Sports Direct shares are flat at 284p while Findel shares dip 1% to 162p.
Also licking its wounds today is bus and rail operator Stagecoach (SGC) which has been disqualified from all three current rail franchise competitions.
The Department for Transport (DfT) has verbally told Stagecoach that its bids for East Midlands, South Eastern and West Coast, were non-compliant ‘principally in respect of pensions risk’ according to the company’s statement. Shares slip 3% to 129p.
To add insult to injury, the DfT announced today that it has selected Netherlands-based operator Abellio to run the next East Midlands rail franchise from this August.
The worst-performing stock today by a mile is Indivior (INDV) with shares down 57% to a record low of 46p after the firm was indicted by a US grand jury for what it claims was fraudulent marketing of its Suboxone Film.

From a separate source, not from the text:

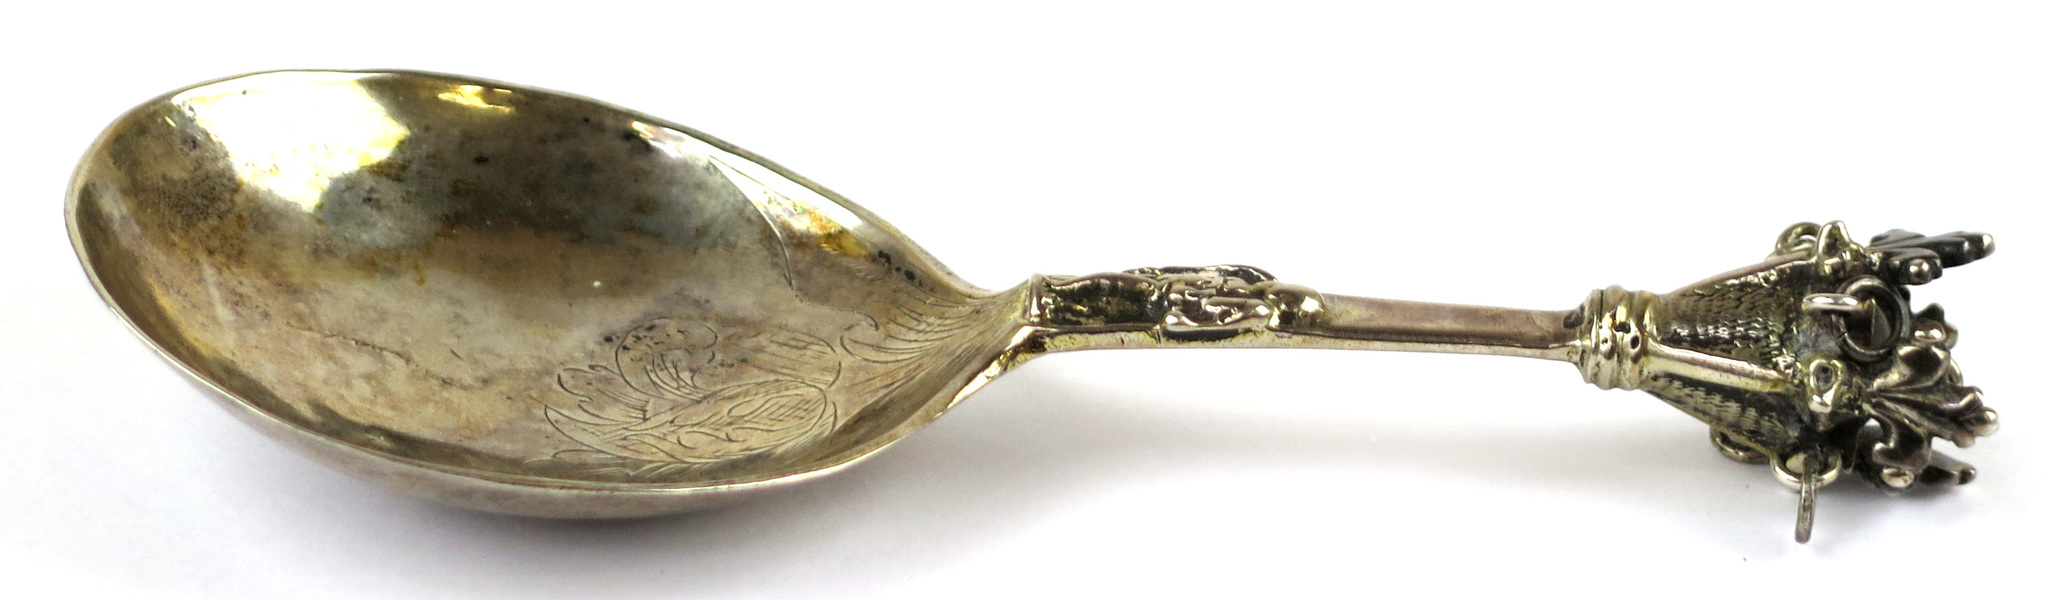 Supsked, så kallad skrammelsked, silver, barock, sekelskiftet 1700, kronformad knopp med ringformade hängen, _11889a_8d960ba34cc65e6_lg.jpeg

The Department of Justice claims that while Indivior was still owned by Reckitt Benckiser (RB.), it engaged in ‘an illicit nationwide scheme to increase prescriptions of Suboxone Film’, obtaining ‘billions of dollars in revenue by deceiving health care providers and health care benefit programs into believing that Suboxone Film was safer, less divertible, and less abusable than other opioid-addiction treatment drugs’.
Shares in Reckitt Benckiser fall 5% to £61.00 on the back of today’s news.